[논문분석] Person in Place: Generating Associative Skeleton-Guidance Maps for Human-Object Interaction Image Editing
object에 매칭되는 person의 pose를 denoise한 이후, 생성된 skeleton pose를 가지고 image Editing (stable diffusion)
object image를 패치단위로 쪼개 해당 부분이 skeleton의 관절 부분과 얼마만큼의 관련성이 있는지를 GNN을 활용해 연산 (node : 관절, edge : 몸)
Abstract
Recently, there were remarkable advances in image editing tasks in various ways. Nevertheless, existing image editing models are not designed for Human-Object Interaction (HOI) image editing. One of these approaches (e.g. ControlNet) employs the skeleton guidance to offer precise representations of human, showing better results in HOI image editing. However, using conventional methods, manually creating HOI skeleton guidance is necessary.

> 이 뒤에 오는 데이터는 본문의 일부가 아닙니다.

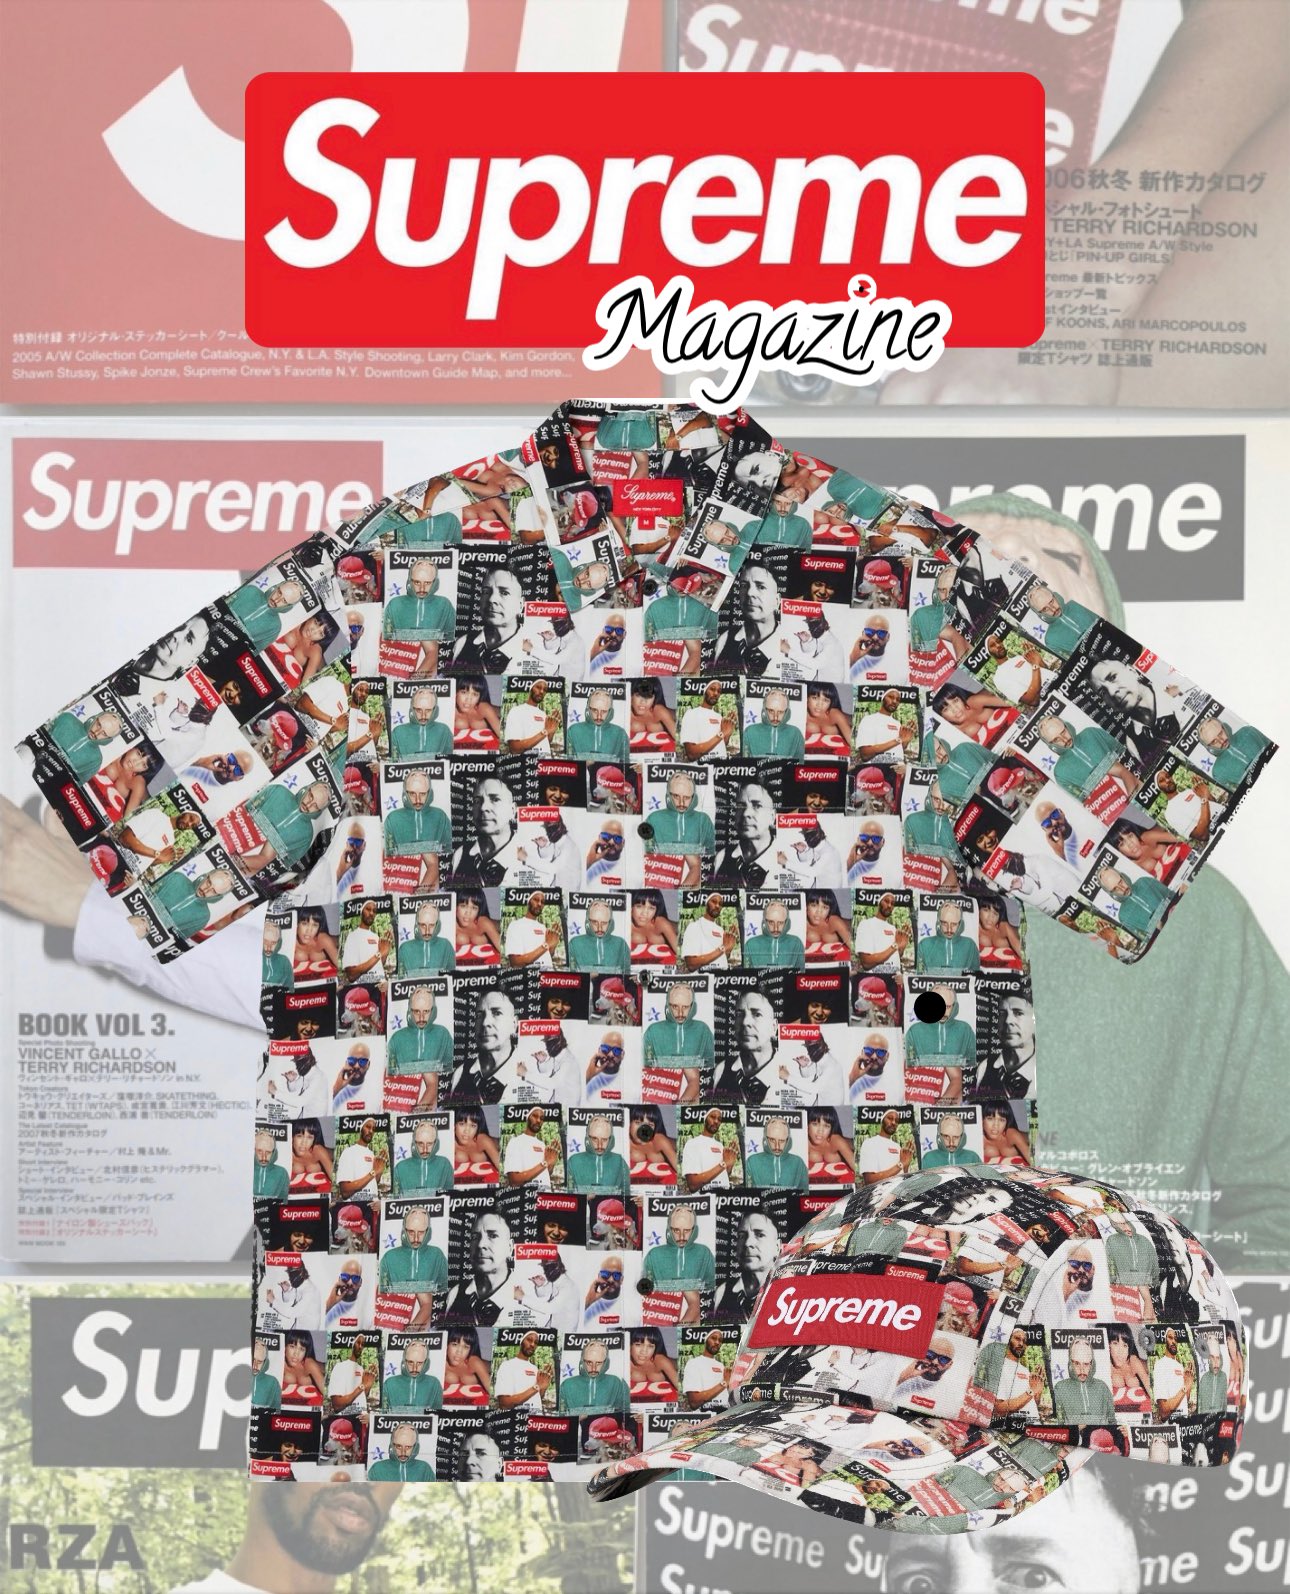 who owns supreme

This paper proposes the object interactive diffuser with associative attention that considers both the interaction with objects and the joint graph structure, automating the generation of HOI skeleton guidance. Additionally, we propose the HOI loss with novel scaling parameter, demonstrating its effectiveness in generating skeletons that interact better. To evaluate generated object-interactive skeletons, we propose two metrics, top-N accuracy and skeleton probabilistic distance. Our framework integrates object interactive diffuser that generates object-interactive skeletons with previous methods, emonstrating the outstanding results in HOI image editing. Finally, we present potentials of our framework beyond HOI image editing, as applications to human-tohuman interaction, skeleton editing, and 3D mesh optimization.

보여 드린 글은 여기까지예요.